Uçankuş sitesi yeni sezon tam anlamıyla 28 Eylül'de başlıyor demişti. Açıkçası ben de o akşam gelen iki iddialı dizi dengeleri nasıl bozacak diye merakla bekliyordum. Tutacaklarına dair gerekli reytingsel sinyali verdiler, ancak beklediğim deprem etkisi olmadı, en azından ilk bölümde. Ezel AB grubunda ilk sırayı almış, 7.72 reytingle. Başlangıç için gerçekten güzel bir oran ama ben en azından Hanımın Çiftliği kadar izlenir diye düşünüyordum yanıldım. Şov Tivi çok güzel tanıtmıştı çünkü diziyi. Gene de ilk bölümde süper bir patlama yapmasa da diğer Ay Yapım dizileri Yaprak Dökümü ve Aşk-ı Memnu gibi yavaş ama emin adımlarla yükselebilir. Tabii karşısında kemikleşmiş kitleye sahip Arka Sokaklar var (AB'de 3., totalde 1. olmuş), ilk iki sezonun çok altında seyretse de gene de sıralamada fena bir yerde durmayan Elveda Rumeli var (AB Grubunda 4. olmuş, totalde 6.) yine ilk sezonun çok gerisinde bir orana ve sıralamaya sahip olsa da Star için çok da fena bir konumda bulunmayan Son Bahar (AB'de 8., totalde 17. olmuş) var. İkinci kuşak biraz daha sakin, atv'nin yeni iddialı dizisi Kapalıçarşı AB grubunda 2. totalde ise 8. olarak sezonu açmış. Ne kadar da Bıçak Sırtı ve Hırsız-Polis'i andıran bir sıralama diye düşünürken Gaye & Neşe Hanım'ların 3 dizinin de ortak senaristi olduklarını anımsayıp tebessüm ettim. 3 dizi de AB grubunda her daim Total grubundan fazla izlenmişlerdi. Kül ve Ateş de giderek yerini sağlamlaştırıyor, AB'de 5. totalde 11. olmuş.

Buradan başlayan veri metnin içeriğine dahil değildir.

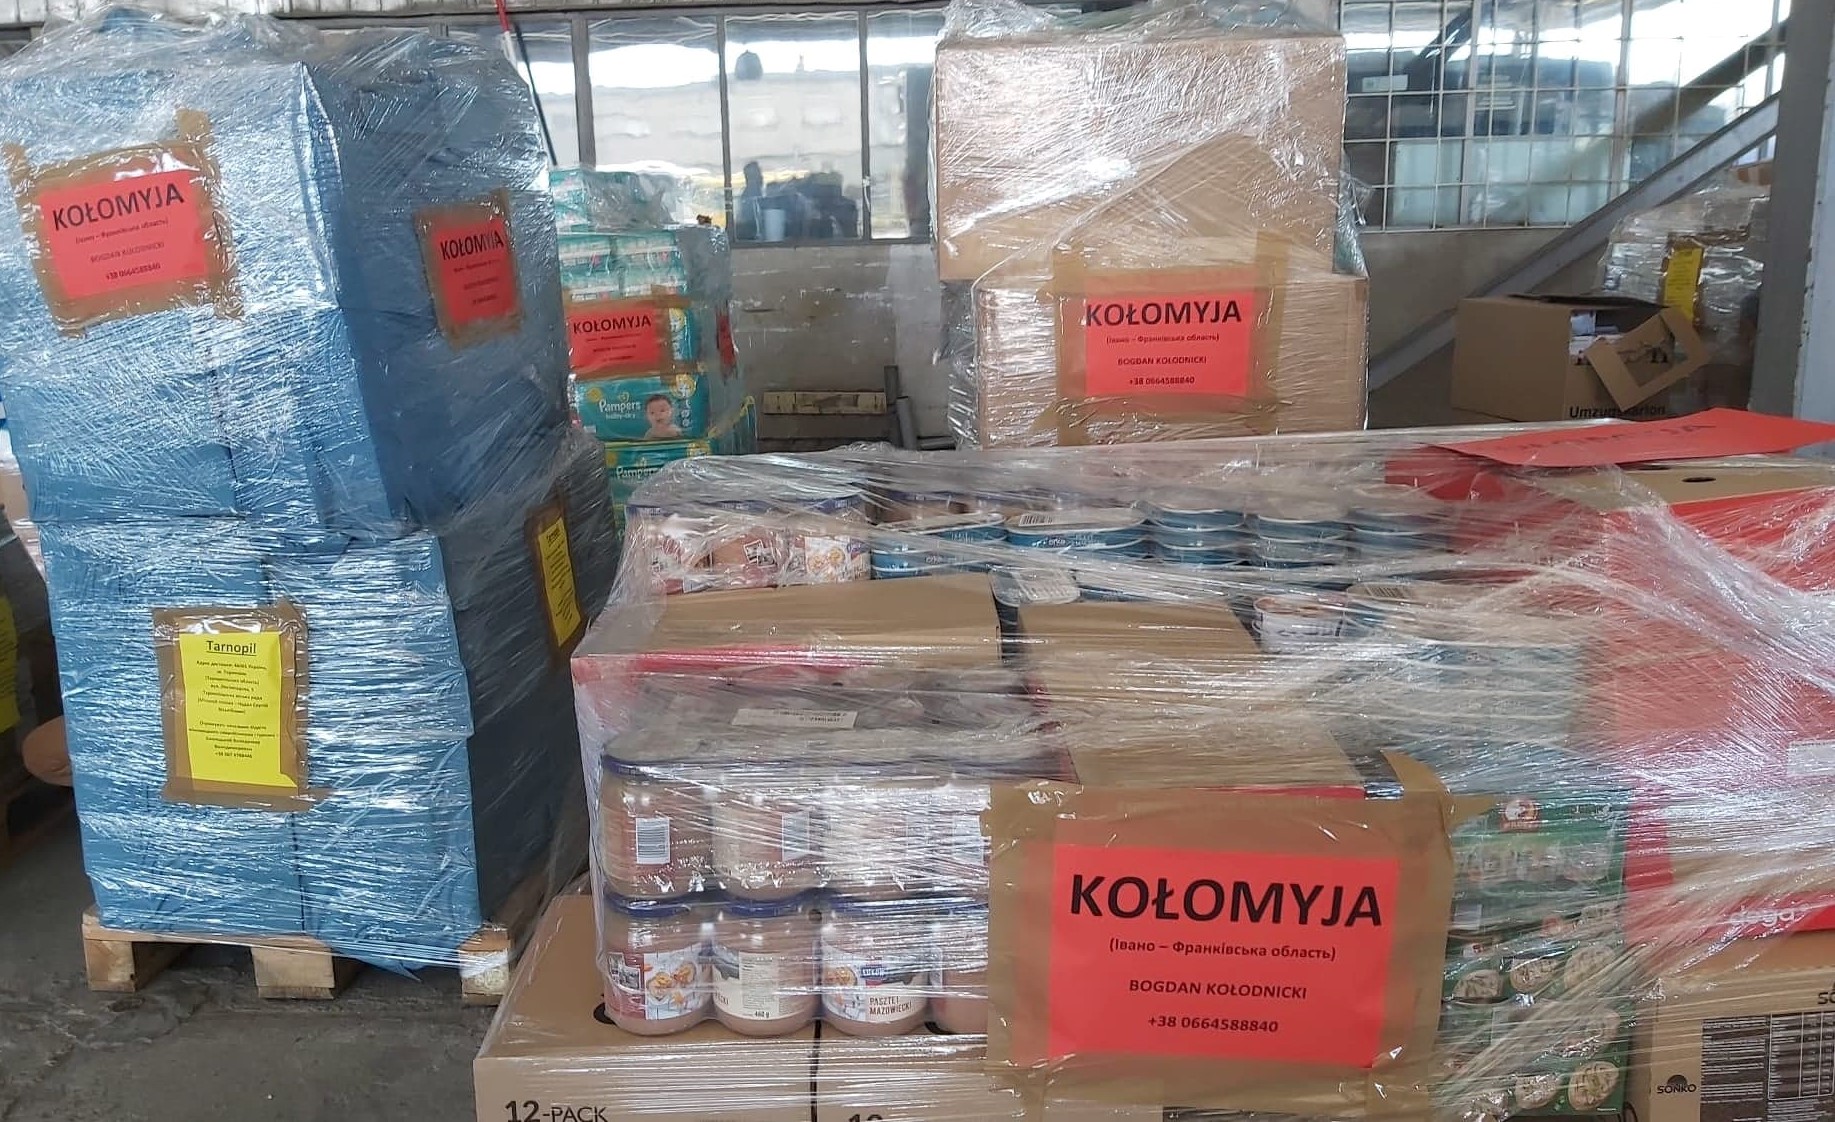 Transport humanitarny z miast partnerskich Nysy dotarł do Kołomyi
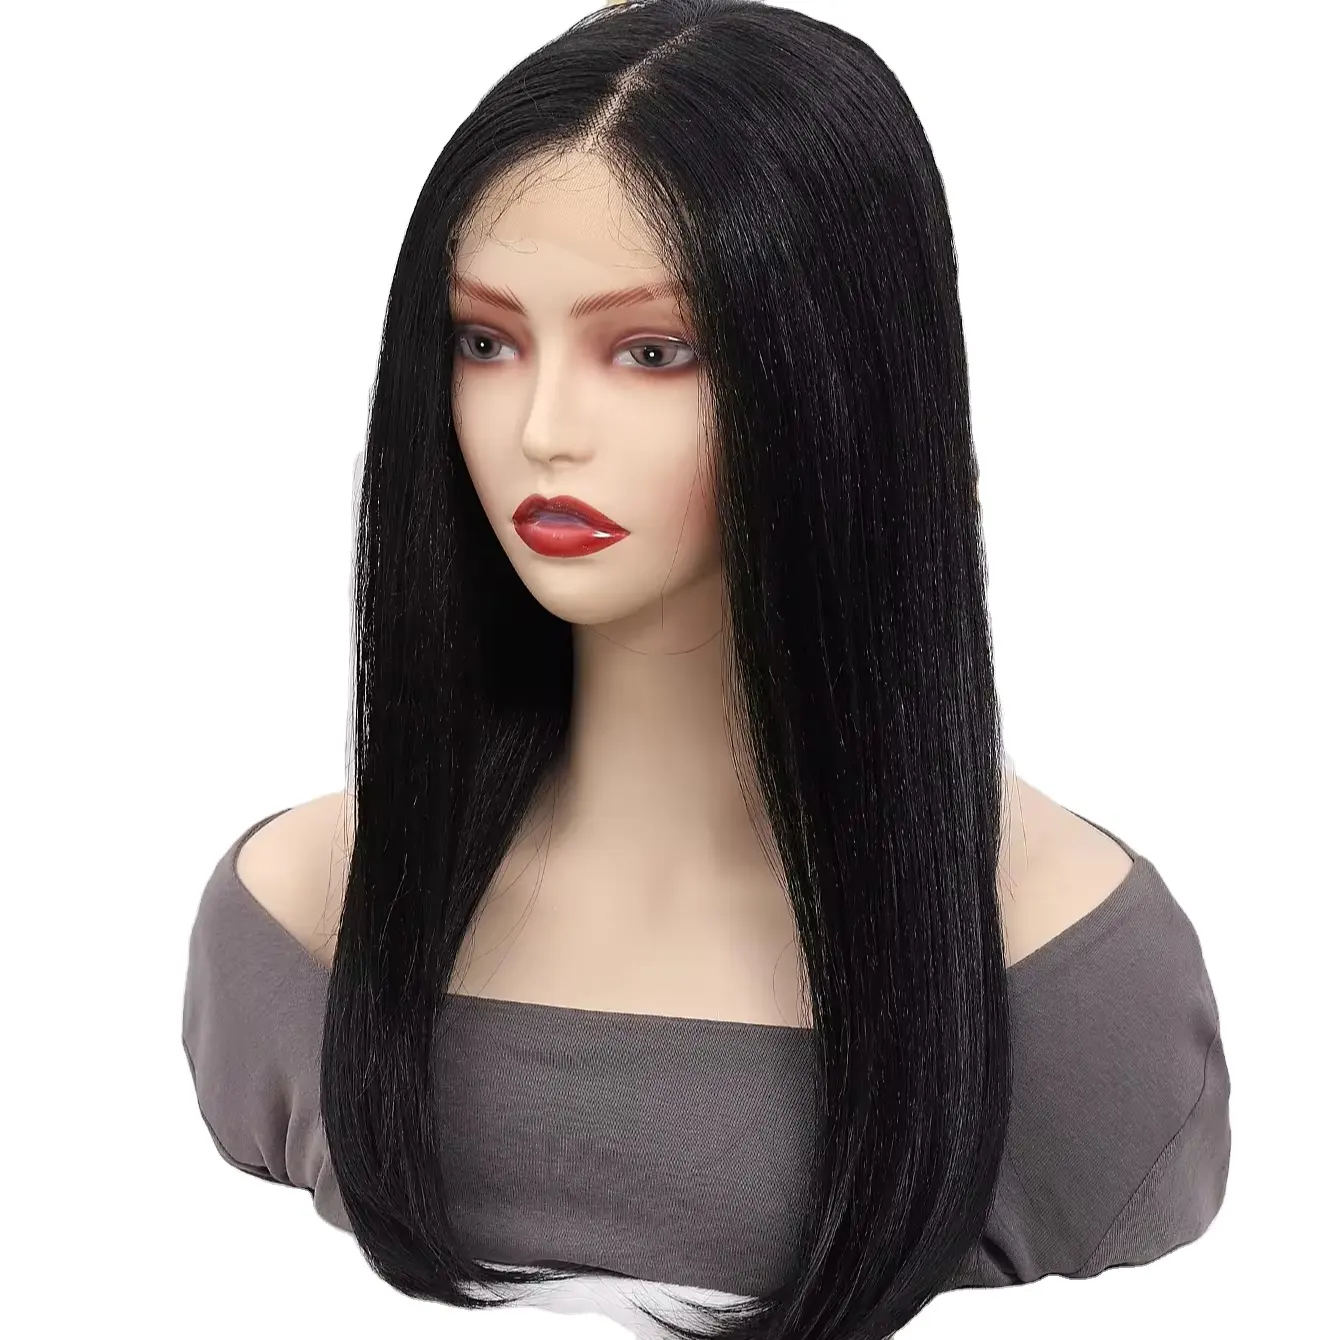 Nuevo encaje largo negro Internet celebridad película onda micro cabello liso cabello período vestido alto nivel de apariencia damas transfronterizo

Salı akşamı, Geniş Aile'nin de bu güne kaymasıyla ilginç bir akşam halini almış. Şöyle ki ilk kuşakta Geniş Aile, Canım Ailem ve Papatyam gibi 3 tane ailecek izlenebilecek, adlarıyla müsemma aile dizisi var artık. Reyting pastasını da aralarında bölüşmüşler. AB grubunda Canım Ailem 2., Geniş Aile 3., Papatyam ise 7. sırayı almışlar. Total grubunda da Geniş Aile 2., Canım Ailem 4., Papatyam 6. olmuşlar. Yüzdelikler de yayında kalmaları için yeterli. Show'un Var mısın Yok musun?'u iki grupta da zirvede yer almış. Yüzdelikleri de gayet yüksek. Fox'un Ömre Bedel dizisi de artık tuttu sayılır çünkü, total grubunda 7. AB grubunda ise 14. olmuş ki, Fox için hayli yüksek bir başarı bu. Kanal D Küçük Kadınlar'ı 22 kuşağına kaydırmış. Bol bol ağlamanın eksik olmadığı dizi, AB grubunda 4. total grubunda ise 3. olmuş yeri gayet sağlam. Atv'nin Kış Masalı ise ilk ondaki gezisine devam ediyor. AB grubunda 6. olan dizi, totalde 11. olmuş. Bakalım Atv ne denli sabırlı olabilecek bu sefer.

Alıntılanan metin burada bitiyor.